A woman came to my counter the other day to return a set of steel crochet hooks. She said they were the wrong size, and assuming that she meant too small, I chuckled and said they were very much doily-making hooks. She replied that they were indeed, but she needed a hook small enough to use in adding beads to a project. My spider-sense tingling, I breathlessly contained my excitement and asked what kind of project. Glory hallelujah, she said she was knitting a shawl. I stuttered out something inane about my own attempts at knitting with beads, and we had something like a conversation about techniques, but all the while my brain was screaming, "Find out if she's on Ravelry! Get her phone number!"
I fired up the camera, since my Ravelry notebook looked so forlorn with all of it empty boxes. This is good news for my blog, because these posts aren't very interesting without graphics.
Here you can see the crude beginnings of my cabled riding jacket, which has proven to me that one cannot knit with wool during the dog days of summer unless one is in very good air conditioning. The Fisherman's Wool is lovely and soft, but not very tightly plied and a rather light worsted weight. Swatching (I swatched!) revealed that two strands would be necessary to get the stitch gauge, but my row gauge is hopelessly off. I have no idea how to fix it without affecting the stitch gauge, so I'm just going to have a very long sweater.

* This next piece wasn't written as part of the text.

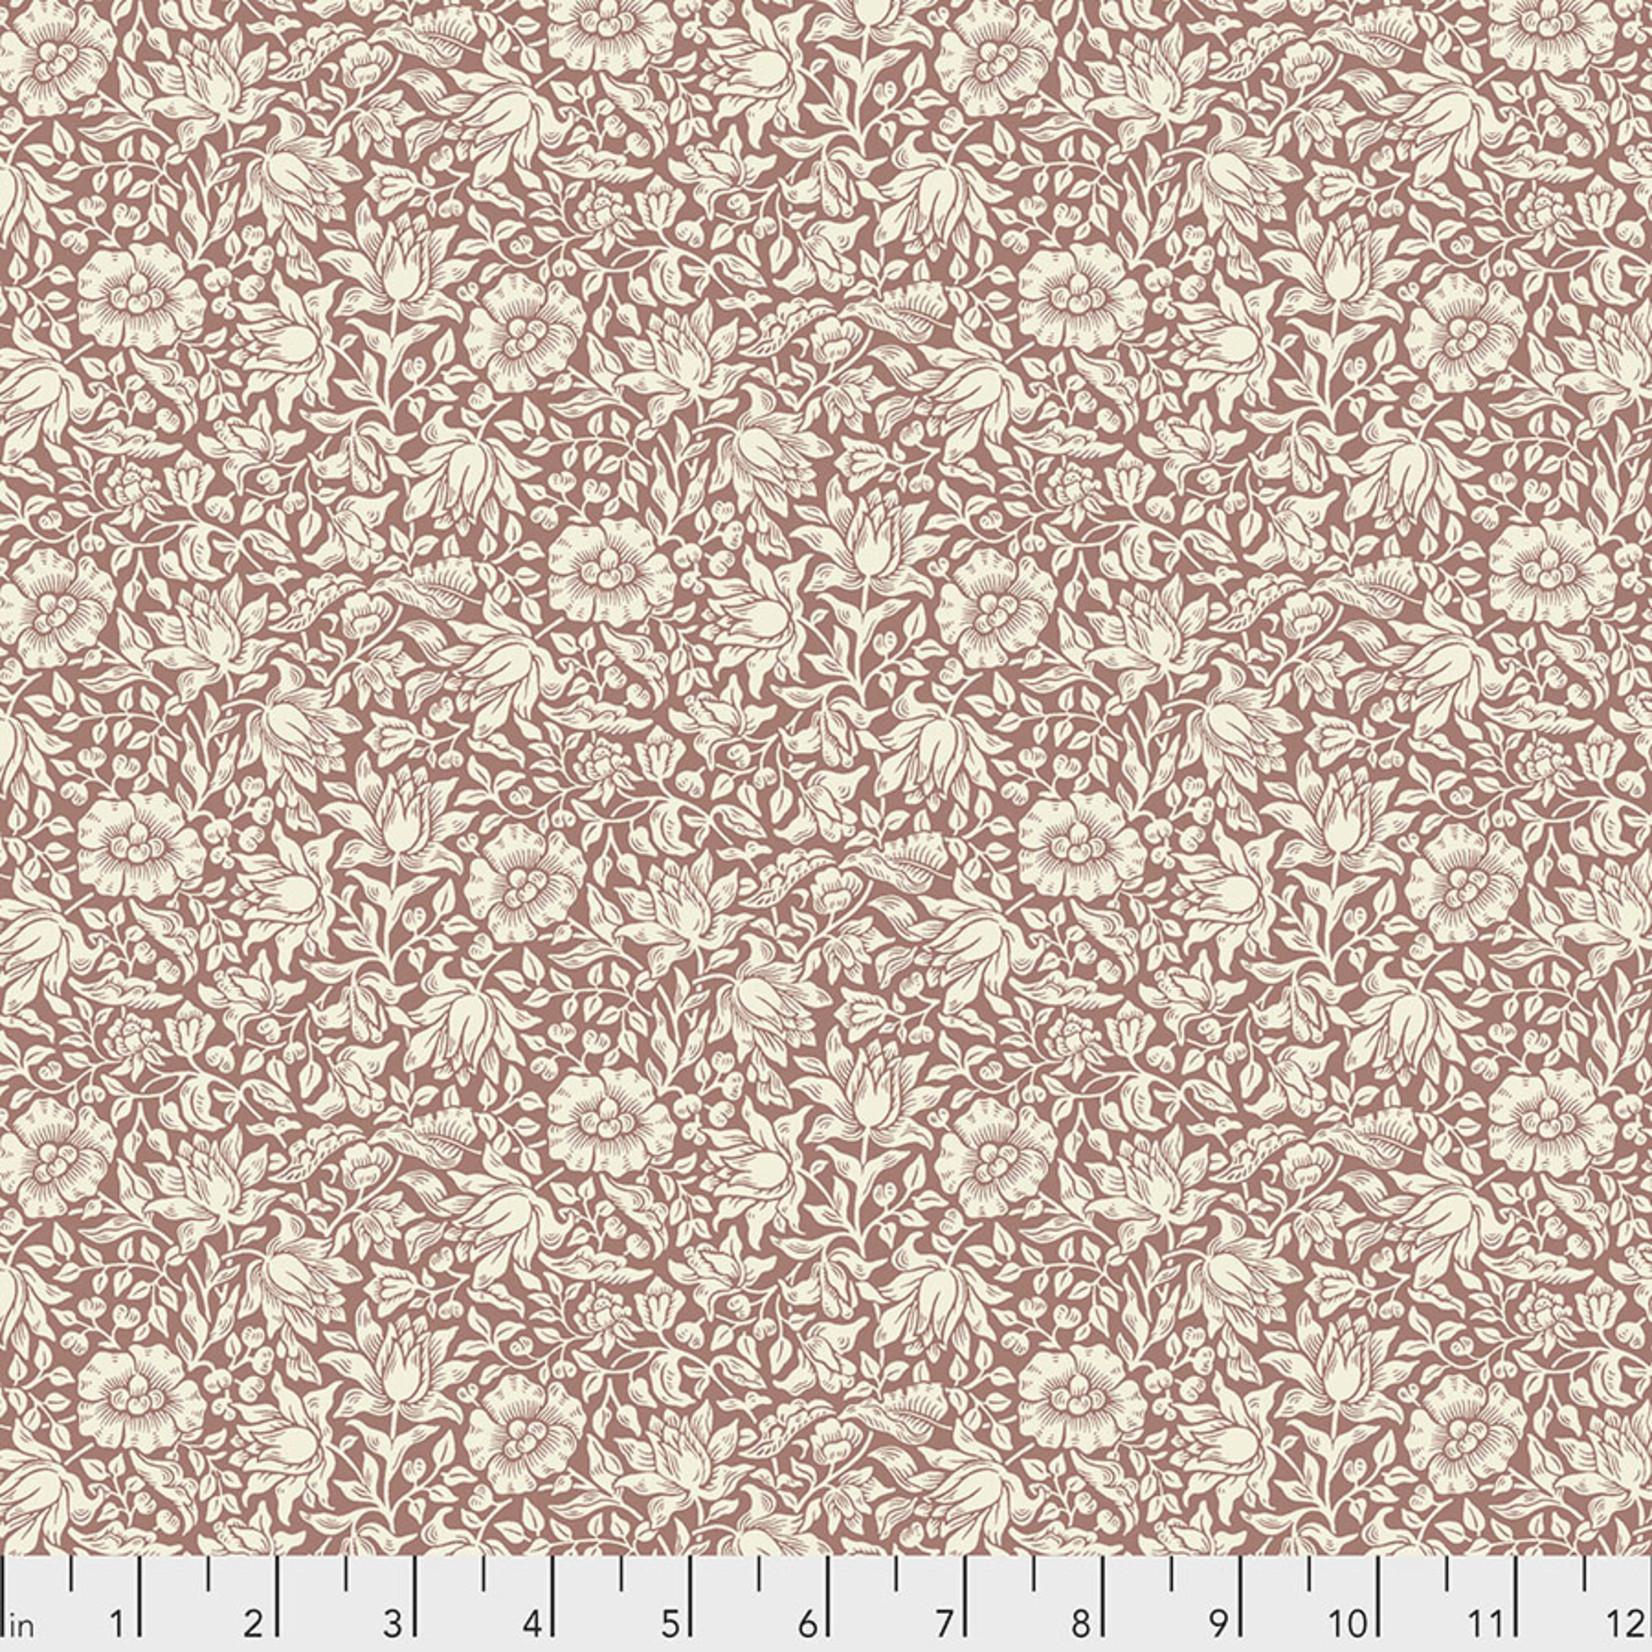 Morris & Co Orkney, Mallow - Rose (PWWM048) per cm or $16/m

I suppose I could attempt math, but how likely is that?
Looking ahead at the bodice instructions flip-flops my stomach. To make any sense of them I will probably have to chart it out on graph paper with the errata close by. I've never tried graphing out a whole pattern - only color charts, but it seems like a logical way of going about things.
On that note, I charted up this charming expy of my hipster husband as rendered by Charles Schultz, which I am applying to the Punk Rock Backpack from SnB. It's turning out to be quite the stash-busting exercise, as I'm able to fill in the colors with some of the various odds and ends that have been kicking around in my bins forever. On the other hand, I'm discovering that I really hate intarsia.
Which is why I have abandoned my ideas of making a colorwork-focused scarf for my husband's friend Andy, and am instead working up a Celtic Cables Scarf. He has a Celtic cross tattooed on his back, so I figure that he should appreciate the motif, disappointed though he may be to not be getting the argyle scarf that I hinted at when he originally asked for a handknitted scarf. The cables promise to be suitably impressive, so I'm not too worried. I reckon it will be finished sometime in the next 20 years.
Having more or less finished Mirasol, I'm embarking on a new amigurumi, this time in knitting. It's going to be me! More or less. The head is the wrong shape already, but I stuffed it with yarn, because that's what my head is full of. The yarn is the same Sugar 'n Cream or Peaches and Creme kitchen cotton that I used for Mirasol, and I'm stabilizing the neck the same way I did for her: with a small wooden spool. The gauge is just a little off, but I like the size it's coming out. I was inspired by Stitch London and the Science Museum's 2010 Stitch Yourself project, but the pattern I'm using is Yarnigan's Blank Slate Doll, because it was free, and it hardly matters if I'm not sending the doll in. I've added lots of mods to give the body more shape, which is also affecting the finished size considerably.
I dug out my old Pattern-a-Day calendar and found the pages for Cat Bordhi's Treasure Forest socks and the matching bookmark. I don't have a suitable yarn for the socks just now, so I've cast on for the bookmark in Caron Simply Soft.
The Esperanza bookmark is growing gradually, with a few stitches jumping off whenever I pull it out of the bag - I need a better WIP storage solution.
Also growing - the Marple Shawl.
I've hit a literal snag with this one - it's so tangled up with the other projects in my bag that I can work no further on it until that is remedied. It speaks volumes for my laziness that I'd just as soon work on something else as try to free this poor WIP.